I am passing the information I've collected from Both Master and Slave. Can a Master reboot can bring things aback to normal here?

**********************
Master

[root@XEN05 ~]# service drbd status
drbd driver loaded OK; device status:
version: 8.4.5 (api:1/proto:86-101)
srcversion: D496E56BBEBA8B1339BB34A
m:res cs ro ds p mounted fstype
1:iscsi1 StandAlone Primary/Unknown UpToDate/DUnknown r


[root@XEN05 ~]# ha-cfg status
| ha-lizard Version: 2.1.4 |
| Operating Mode: Mode [ 2 ] Managing Individual VMs in Pool |
| Host Role: master |
| Pool UUID: 33b3ff3e-c123-2f54-9c1e-bbe748d7db51 |
| Host UUID: f2b699a9-de94-4b8c-8443-d53672b8a49d |
| Master UUID: f2b699a9-de94-4b8c-8443-d53672b8a49d |
| Daemon Status: ha-lizard is running [ OK ] |
| Watchdog Status: ha-lizard-watchdog is running [ OK ] |
| HA Enabled: false |


Xen05@:iscsi-cfg status
| iSCSI-HA Version IHA_2.1.5 |
| Sat Aug 24 14:38:52 EDT 2019 |

| iSCSI-HA Status: Running 8644 |
| Last Updated: Sat Aug 24 14:38:50 EDT 2019 |
| HOST ROLE: MASTER |
| DRBD ROLE: iscsi1=Primary |
| DRBD CONNECTION: iscsi1 in StandAlone state |
| ISCSI TARGET: Running [expected running] |
| VIRTUAL IP: 10.10.11.3 is local |
Control + C to exit


| DRBD Status |

| version: 8.4.5 (api:1/proto:86-101) |
| srcversion: D496E56BBEBA8B1339BB34A |
| 1: cs:StandAlone ro:Primary/Unknown ds:UpToDate/DUnknown r
|
| ns:0 nr:0 dw:334633404 dr:1893486048 al:33628704 bm:0 lo:0 pe:0 ua:0 ap:0 ep:1 wo:d oos:3117818488 |


Slave

[root@XEN06 ~]# service drbd status
drbd driver loaded OK; device status:
version: 8.4.5 (api:1/proto:86-101)
srcversion: D496E56BBEBA8B1339BB34A
m:res cs ro ds p mounted fstype
1:iscsi1 WFConnection Secondary/Unknown UpToDate/DUnknown C


[root@XEN06 ~]# ha-cfg status
| ha-lizard Version: 2.1.4 |
| Operating Mode: Mode [ 2 ] Managing Individual VMs in Pool |
| Host Role: slave |
| Pool UUID: 33b3ff3e-c123-2f54-9c1e-bbe748d7db51 |
| Host UUID: d481ed26-3d0c-406a-bd92-d61d63d5ca3b |
| Master UUID: f2b699a9-de94-4b8c-8443-d53672b8a49d |
| Daemon Status: ha-lizard is running [ OK ] |
| Watchdog Status: ha-lizard-watchdog is running [ OK ] |
| HA Enabled: false |


Xen06@:iscsi-cfg status

| iSCSI-HA Version IHA_2.1.5 |
| Sat Aug 24 14:40:13 EDT 2019 |

| iSCSI-HA Status: Running 5403 |
| Last Updated: Sat Aug 24 14:40:07 EDT 2019 |
| HOST ROLE: SLAVE |
| VIRTUAL IP: 10.10.11.3 is not local |
| ISCSI TARGET: Stopped [expected stopped] |
| DRBD ROLE: iscsi1=Secondary |
| DRBD CONNECTION: iscsi1 in WFConnection state |
Control + C to exit


| DRBD Status |

| version: 8.4.5 (api:1/proto:86-101) |
| srcversion: D496E56BBEBA8B1339BB34A |
| 1: cs:WFConnection ro:Secondary/Unknown ds:UpToDate/DUnknown C r
|
| ns:0 nr:0 dw:0 dr:0 al:0 bm:0 lo:0 pe:0 ua:0 ap:0 ep:1 wo:d oos:34692 |

Please Log in or Create an account to join the conversation.

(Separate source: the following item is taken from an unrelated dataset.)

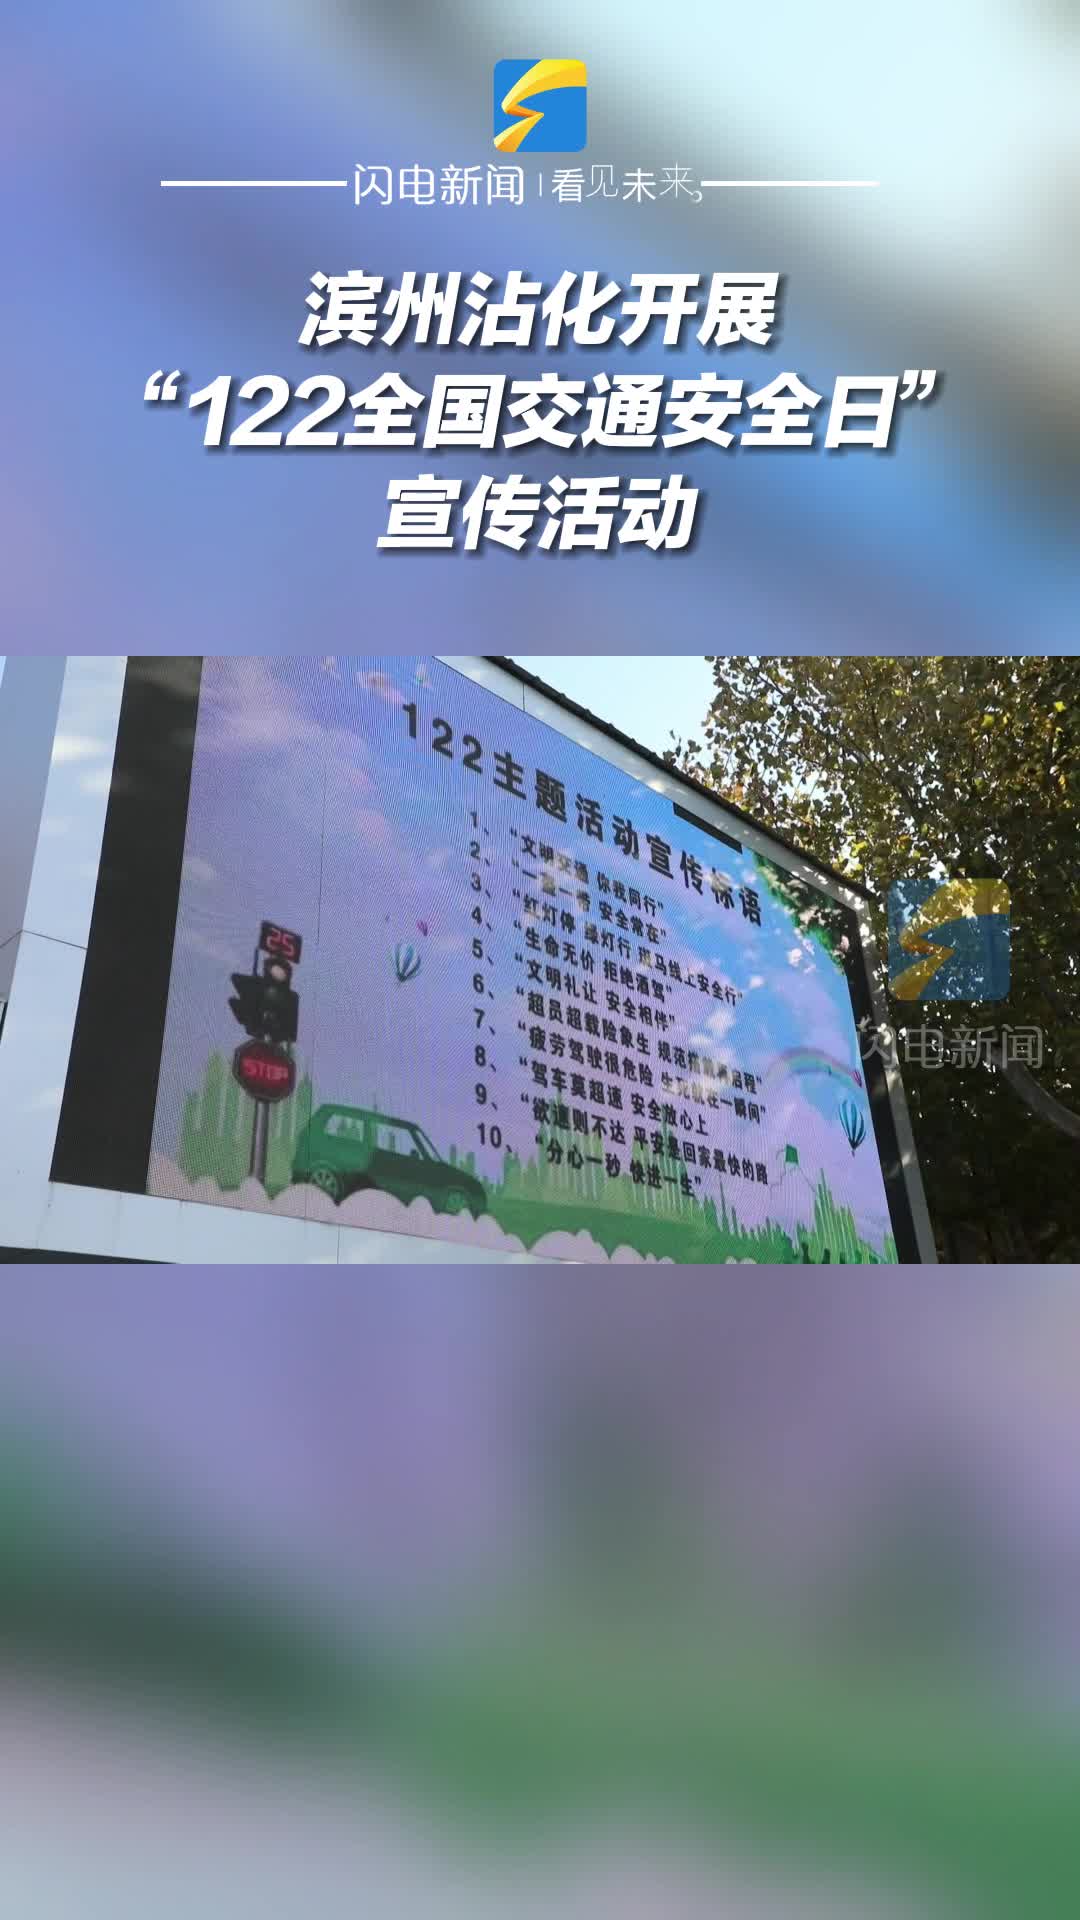 滨州沾化开展“122全国交通安全日”宣传活动

High load and System Operations getting Freezed 4 years 7 months ago #1874

Sherbin, I ran into a similar problem and later discovered the root cause was the xcp-emu-manager package version on my XCP-ng 7.6 hosts. Theres a problem with the version 0.0.3 or 0.0.5.... I cant remember exactly, but I know you must update it to avoid get VM stuck during an Live Migration.

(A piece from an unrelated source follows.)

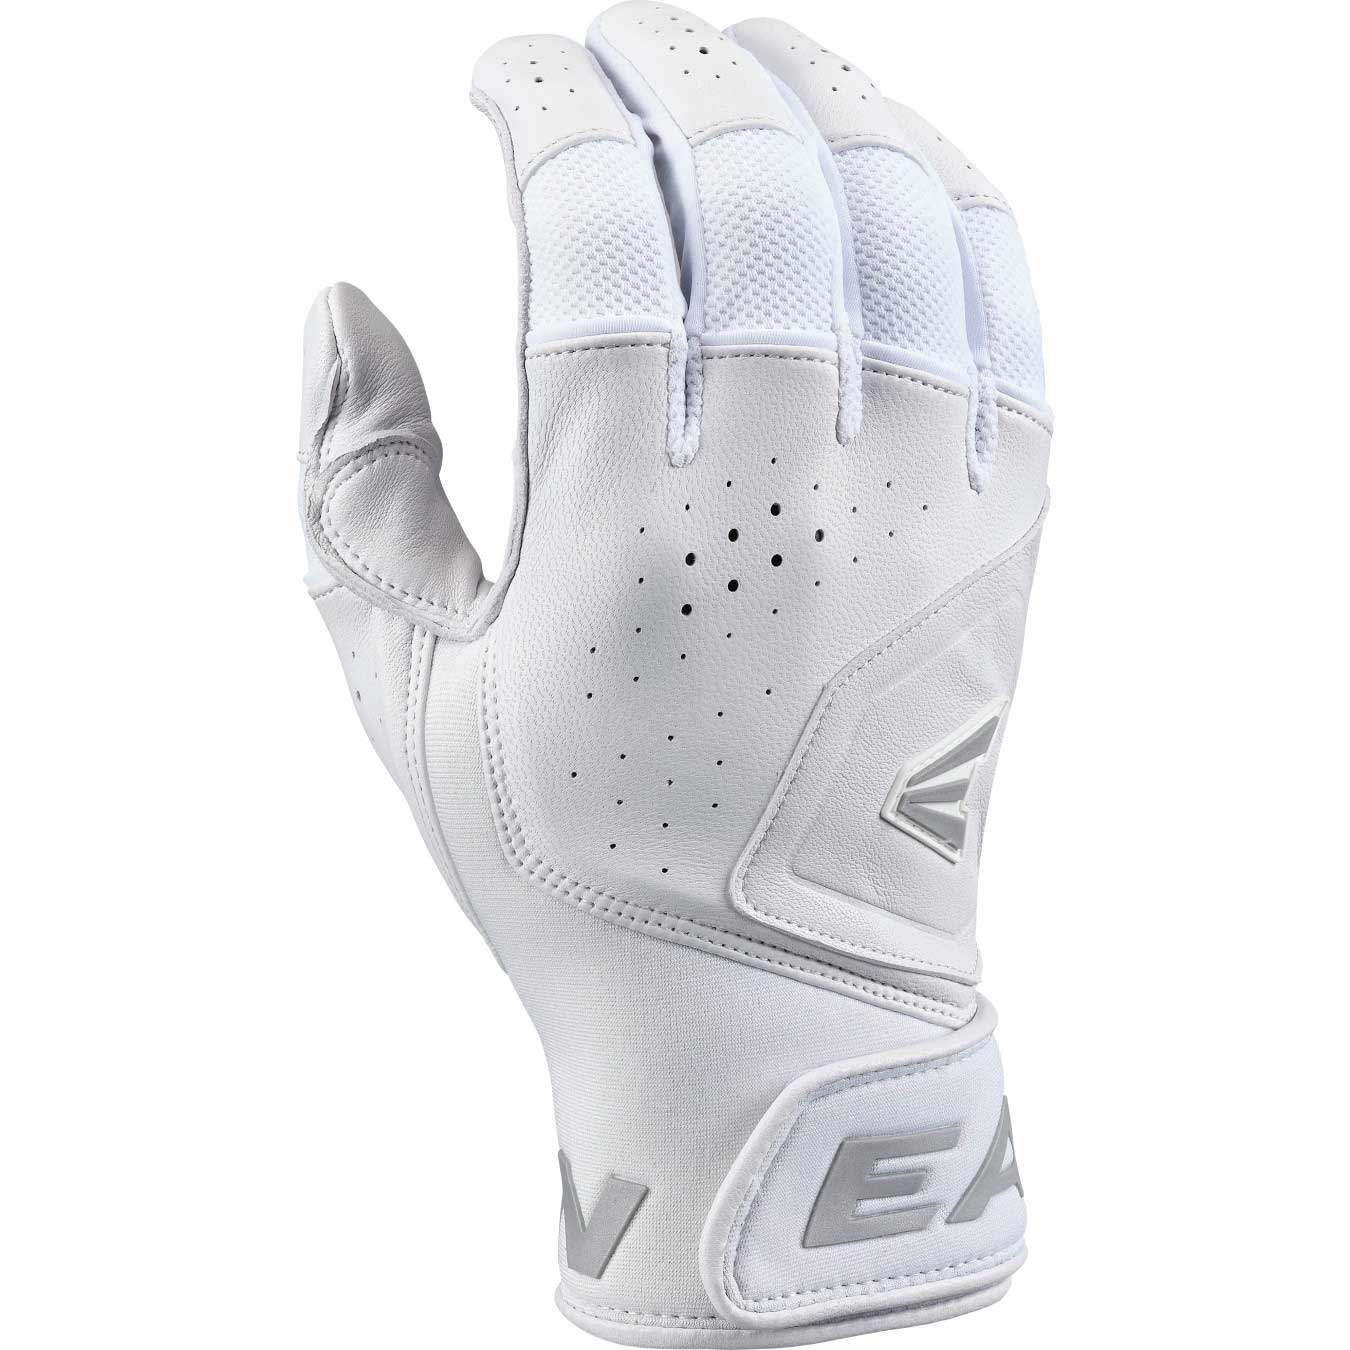 Easton MAV1 Pro Batting Gloves

The latest version of xcp-emu-manager is 1.1.2. I think you should give a try.

Other situation I`ve seen was an the VM processing get stuck on wait state after live migrate it to the Slave host (I`ve openned the VM console on XOA and watched the CPU usage on nmon). Moving the VM back to the Master host brought VM to normal operation.

This very same issue was solved after updated all hosts entirely with an "yum update".

Regards

Regards

Please Log in or Create an account to join the conversation.

Last edit: by Fabio Brizzolla.

High load and System Operations getting Freezed 4 years 7 months ago #1875

  • Sherbin George
  • Sherbin George's Avatar Topic Author
  • Offline
  • Posts: 11
Thank you for you reply Fabio.

We are using 7.1 on both of the Hosts where the problem exists, and I don't think the xcp-emu-manager package is installed over there. We have another Pool with 7.5 installed and there we have xcp-emu-manager.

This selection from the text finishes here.